ここ数日の天気はからりと晴れ、早朝は寒いと思うことさえある。そして午後に短時間の雨。雨が止んだ後は雲が流れ始め、ピンク色の空が1日を贅沢に締めくくる。
今日も例外なく、そんな1日で、いただきますと皆で手を合わせた頃、空は黄色からオレンジ、そしてピンクへと色を変えていく。一口二口食べたところでみんな我慢ならず、外履き用のスリッパで、1人はカメラを持って、1人はスマホを持って、1人は何も持たず、外へと出ていく。私は部屋に戻り自分の充電がいまにも切れそうなカメラを手にして、河原へ走る。いつぶりだろうか、定点観察地まで足を運ぶのは。ピンクに染まった空は待ってくれない、私はカメラ片手に雨上がりで涼しく空気が一掃された森の中を走り河原をめざす。

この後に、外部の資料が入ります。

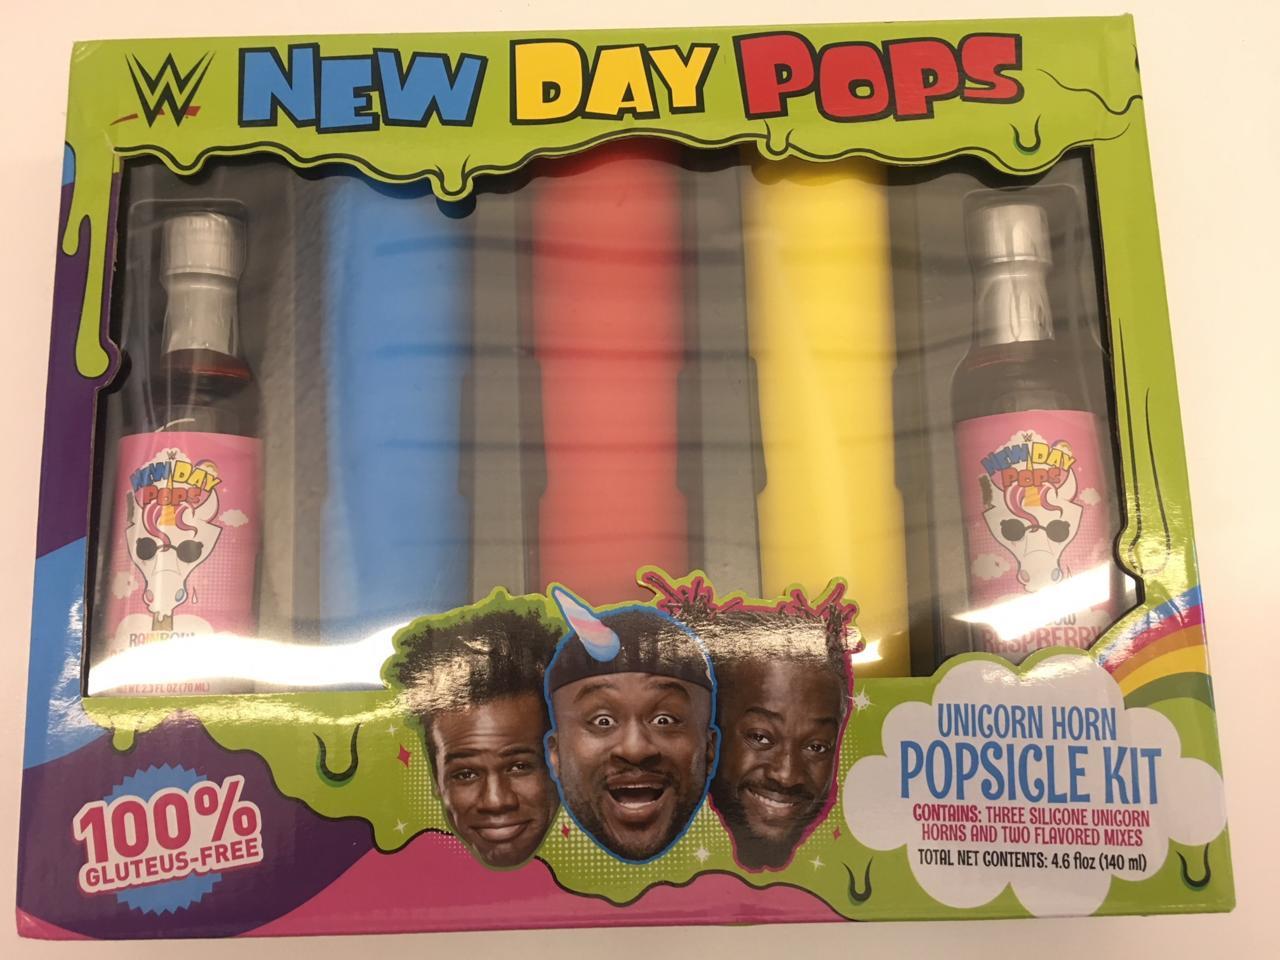 4. New Day Pops
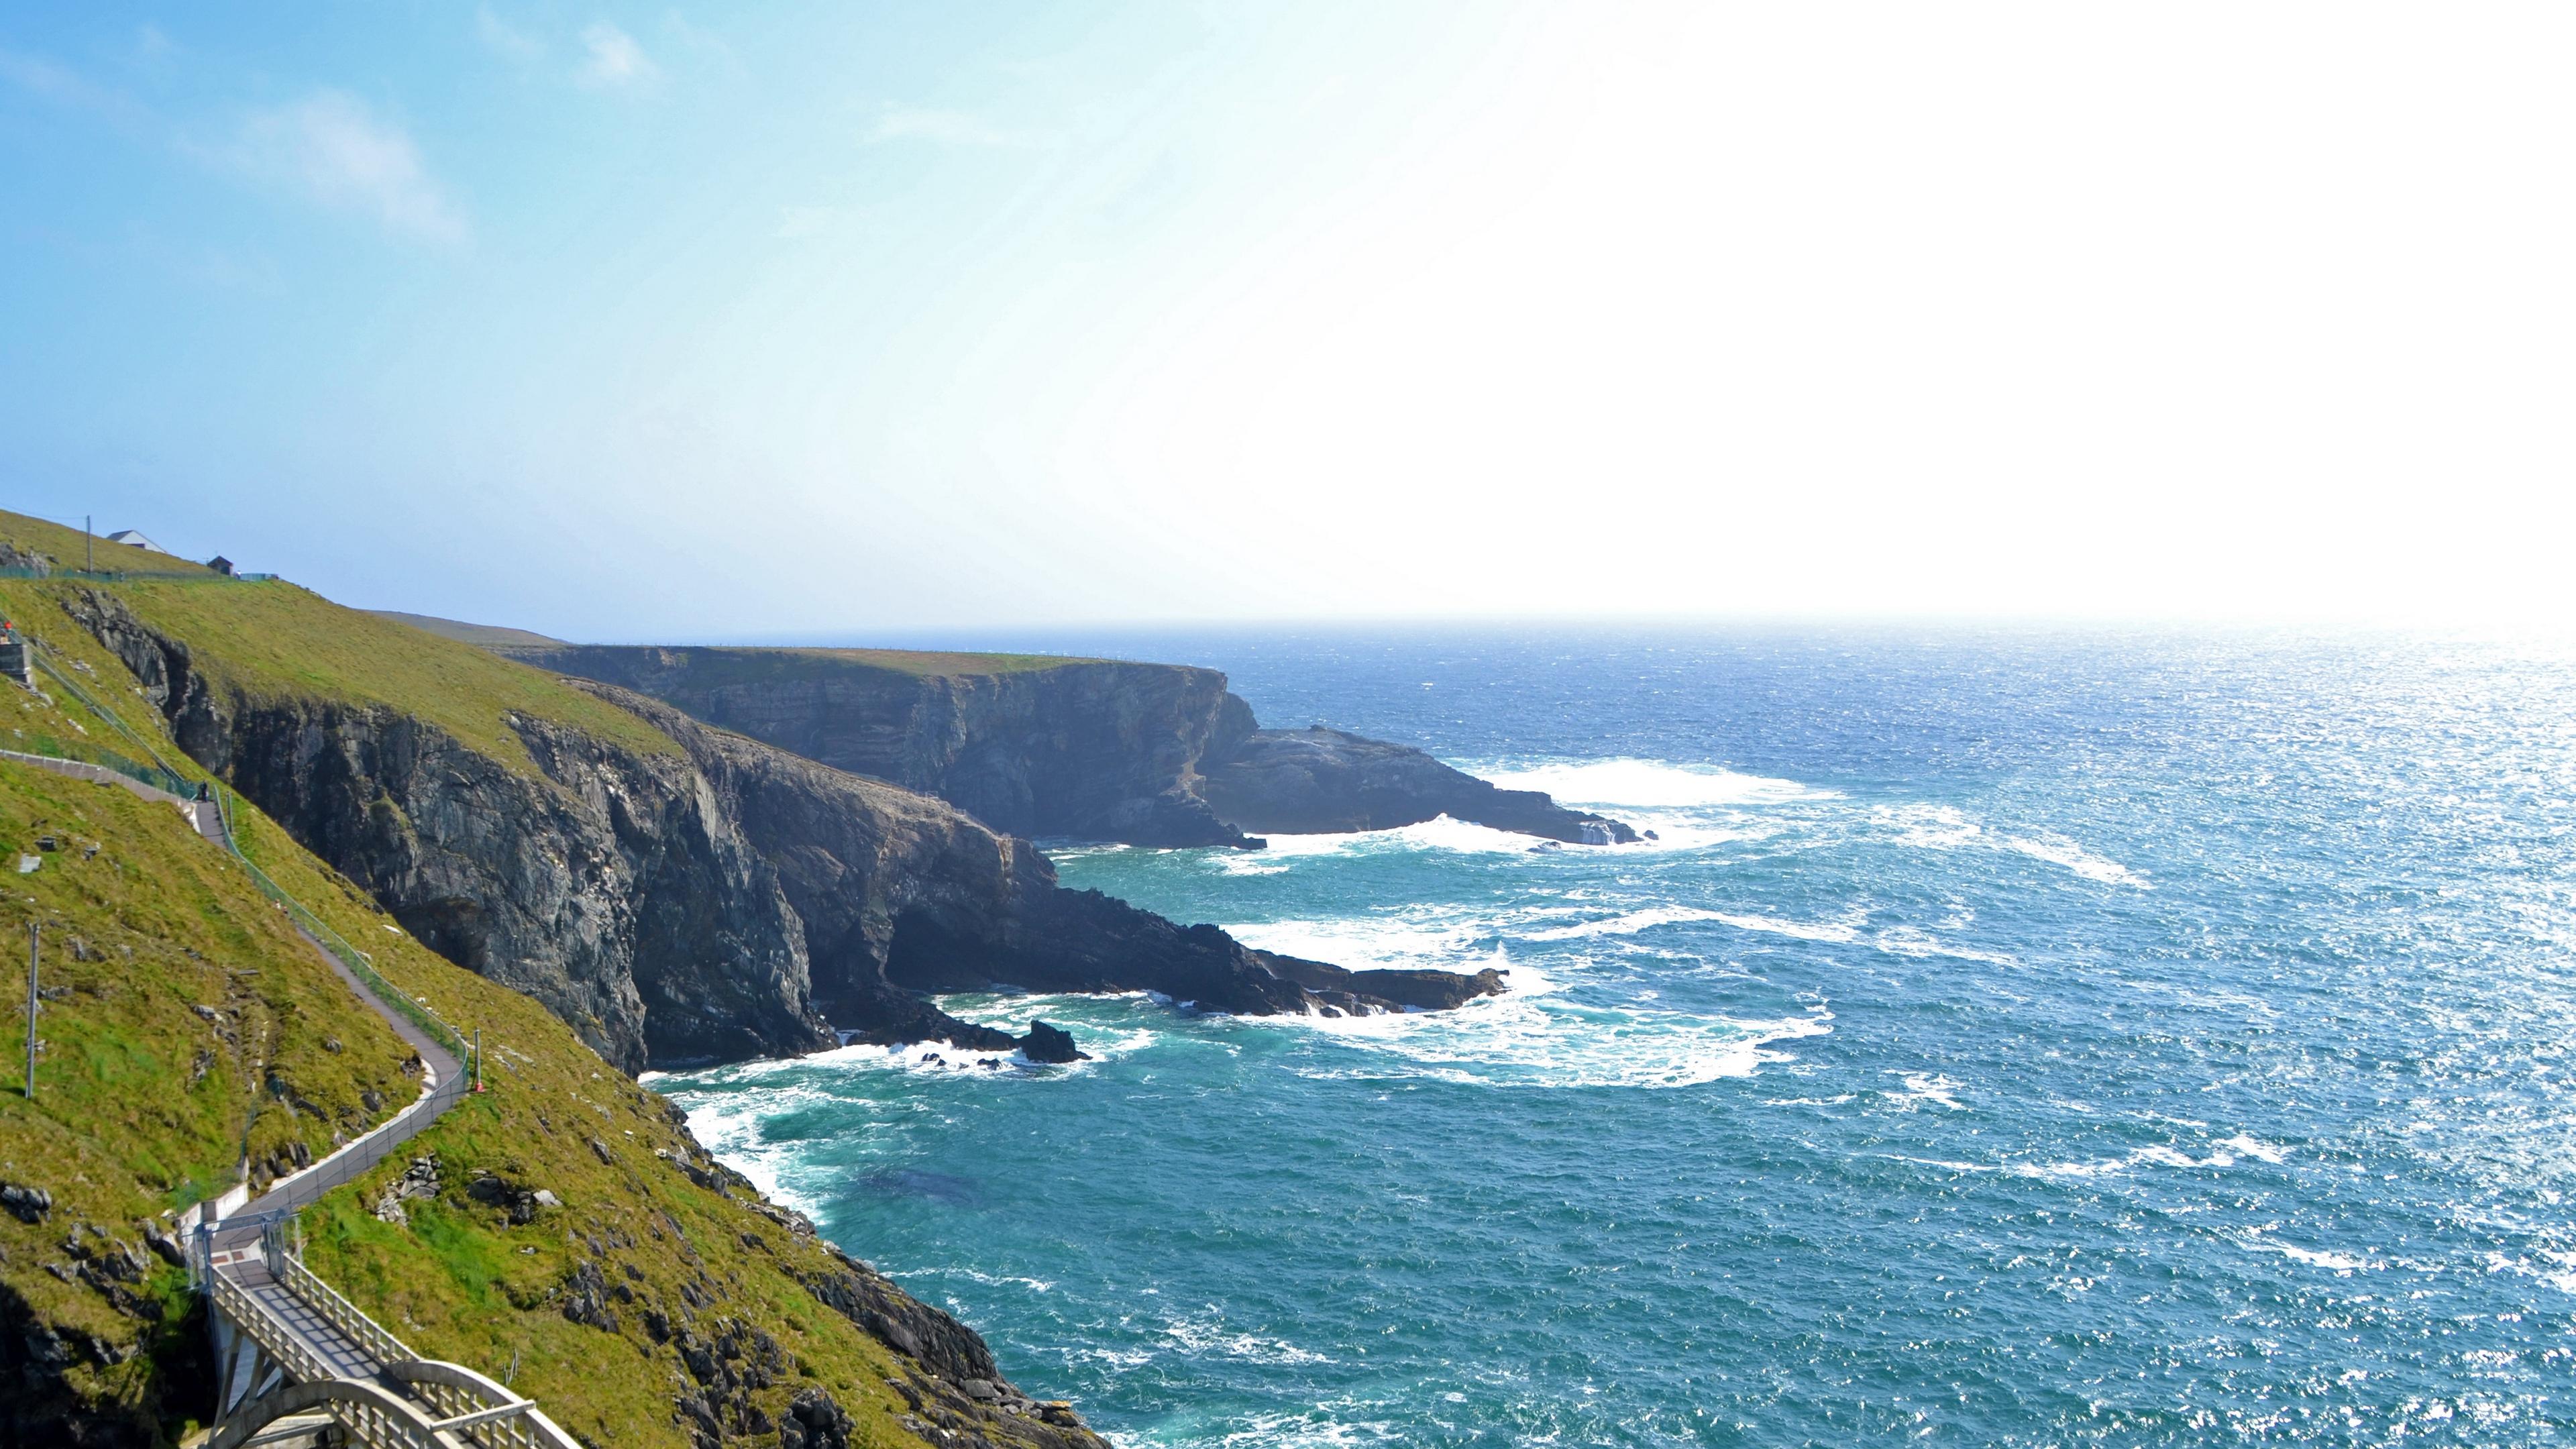 ireland beach coast 4k 1541117802 - ireland, beach, coast 4k - Ireland, Coast, Beach

雲の位置は低く、川はいつも通り流れている。ピンク色の空は、グレーへと色を変えていき、1日の終わりを告げてくれる。毎日太陽がのぼり、沈んでいるはずだが、私の身体に太陽が沈んだのは数週間、いや1ヶ月ぶりかもしれない。この時間外に出ることをしていなかった。
帰り道、暗くなった森の中を歩いて小屋に戻る。水たまりを避けながら、どこに足を置こうか考えながら前へ進む。
3ヶ月後の今日は日本からニュージーランドに飛ぶ予定だ。チケットはまだとっていないし、ビザの手続きもこれからだ。が、そんな気がしている。